OpenGL Newbie - Best way to move objects about in a scene - language-agnostic

I'm new to OpenGL and graphics programming in general, though I've always been interested in the topic so have a grounding in the theory.
What I'd like to do is create a scene in which a set of objects move about. Specifically, they're robotic soccer players on a field. The objects are:
The lighting, field and goals, which don't change
The ball, which is a single mesh which will undergo translation and rotation but not scaling
The players, which are each composed of body parts, each of which are translated and rotated to give the illusion of a connected body
So to my GL novice mind, I'd like to load these objects into the scene and then just move them about. No properties of the vertices will change, either their positioning nor texture/normals/etc. Just the transformation of their 'parent' object as a whole.
Furthermore, the players all have identical bodies. Can I optimise somehow by loading the model into memory once, then painting it multiple times with a different transformation matrix each time?
I'm currently playing with OpenTK which is a lightweight wrapper on top of OpenGL libraries.
So a helpful answer to this question would either be:
What parts of OpenGL give me what I need? Do I have to redraw all the faces every frame? Just those that move? Can I just update some transformation matrices? How simple can I make this using OpenTK? What would psuedocode look like? Or,
Is there a better framework that's free (ideally open source) and provides this level of abstraction?
Note that I require any solution to run in .NET across multiple platforms.
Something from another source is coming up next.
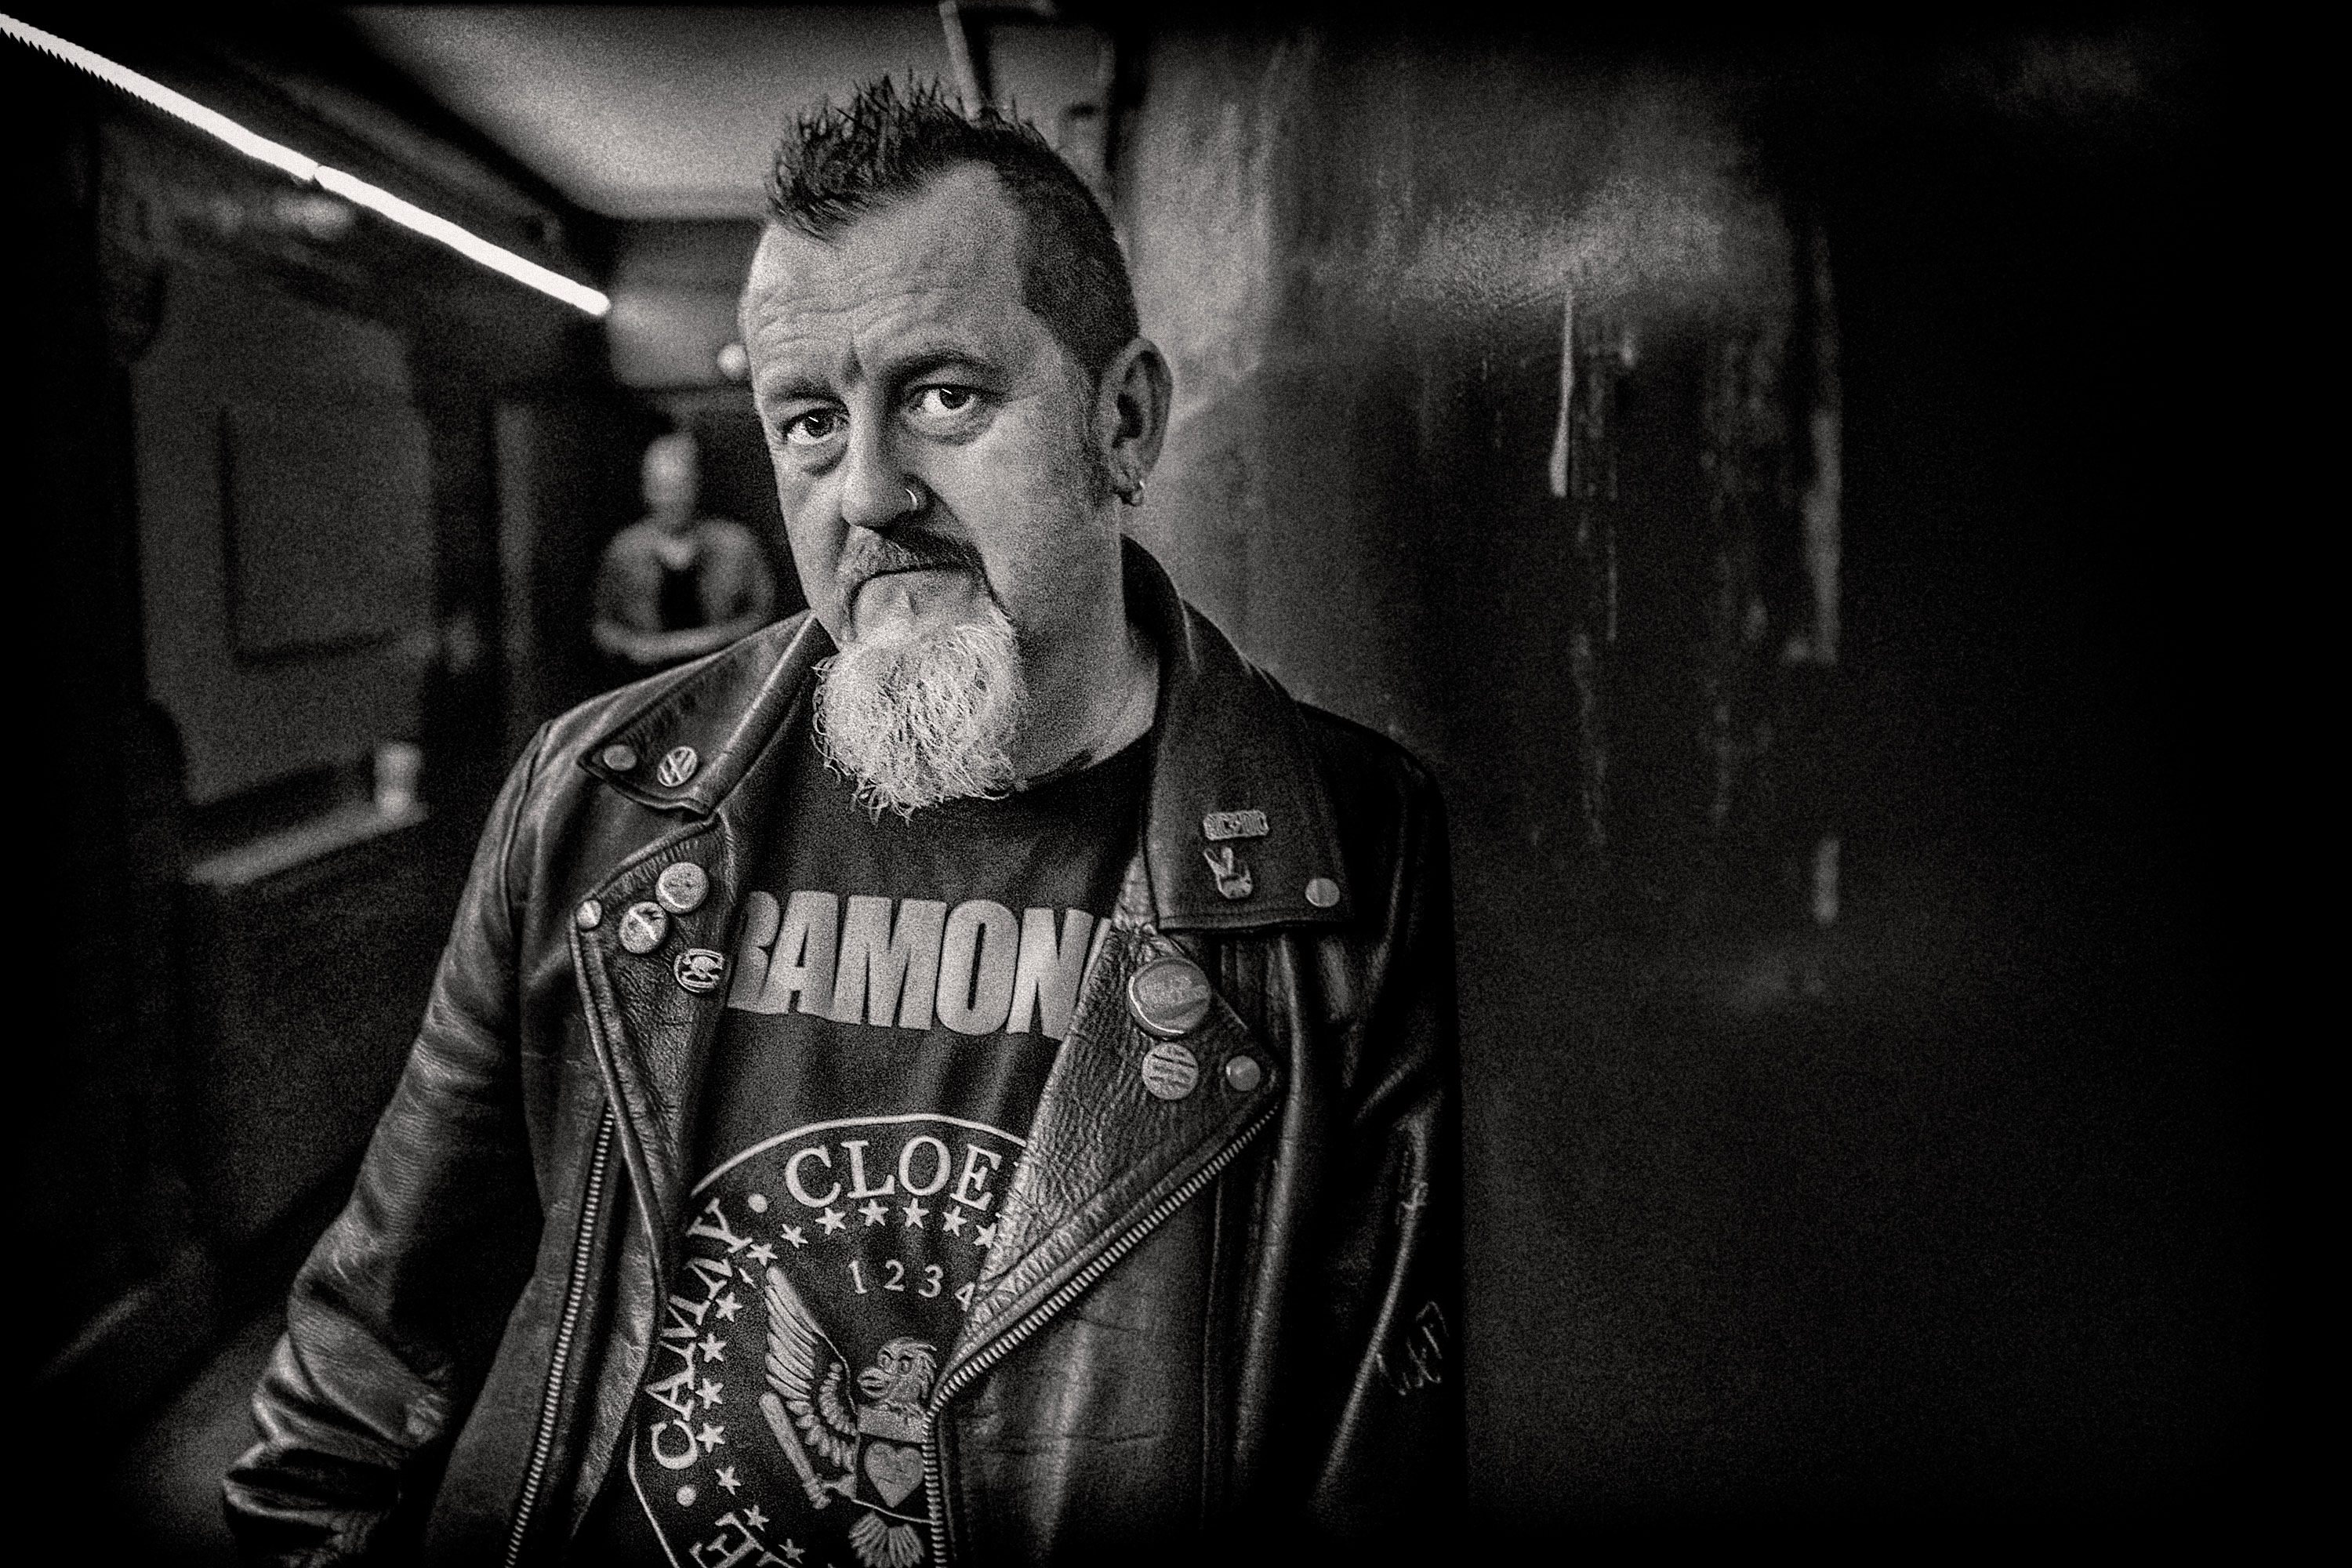 An atmospheric black and white portrait of a man wearing a leather jacket and Ramones t-shirt at a gig

Using so called vertex arrays is probably the surest way to optimize such a scene. Here's a good tutorial:
http://www.songho.ca/opengl/gl_vertexarray.html
A vertex array or more generally, a gl data array holds data like vertex positions, normals, colors. You can also have an array that hold indexes to these buffers to indicate in which order to draw them.
Then you have a few closely related functions which manage these arrays, allocate them, set data to them and paint them. You can perform a rendering of a complex mesh with just a single OpenGL command like glDrawElements()
These arrays generally reside on the host memory, A further optimization is to use vertex buffer objects which are the same concept as regular arrays but reside on the GPU memory and can be somewhat faster. Here's abit about that:
http://www.songho.ca/opengl/gl_vbo.html
Working with buffers as opposed to good old glBegin() .. glEnd() has the advantage of being compatible with OpenGL ES. in OpenGL ES, arrays and buffers are the only way to draw stuff.
--- EDIT
Moving things, rotating them and transforming them in the scene is done using the Model View matrix and does not require any changes to the mesh data. To illustrate:
you have your initialization:
void initGL() {
// create set of arrays to draw a player
// set data in them
// create set of arrays for ball
// set data in them
}
void drawScene {
glMatrixMode(GL_MODEL_VIEW);
glLoadIdentity();
// set up view transformation
gluLookAt(...);
drawPlayingField();
glPushMatrix();
glTranslate( player 1 position );
drawPlayer();
glPopMatrix();
glPushMatrix();
glTranslate( player 2 position );
drawPlayer();
glPopMatrix();
glPushMatix();
glTranslate( ball position );
glRotate( ball rotation );
drawBall();
glPopMatrix();
}

Since you are beginning, I suggest sticking to immediate mode rendering and getting that to work first. If you get more comfortable, you can improve to vertex arrays. If you get even more comfortable, VBOs. And finally, if you get super comfortable, instancing which is the fastest possible solution for your case (no deformations, only whole object transformations).
Unless you're trying to implement something like Fifa 2009, it's best to stick to the simple methods until you have a demonstrable efficiency problem. No need to give yourself headaches prematurely.
For whole object transformations, you typically transform the model view matrix.
glPushMatrix();
// do gl transforms here and render your object
glPopMatrix();
For loading objects, you'll even need to come up with some format or implement something that can load mesh formats (obj is one of the easiest formats to support). There are high-level libraries to simplify this but I recommend going with OpenGL for the experience and control that you'll have.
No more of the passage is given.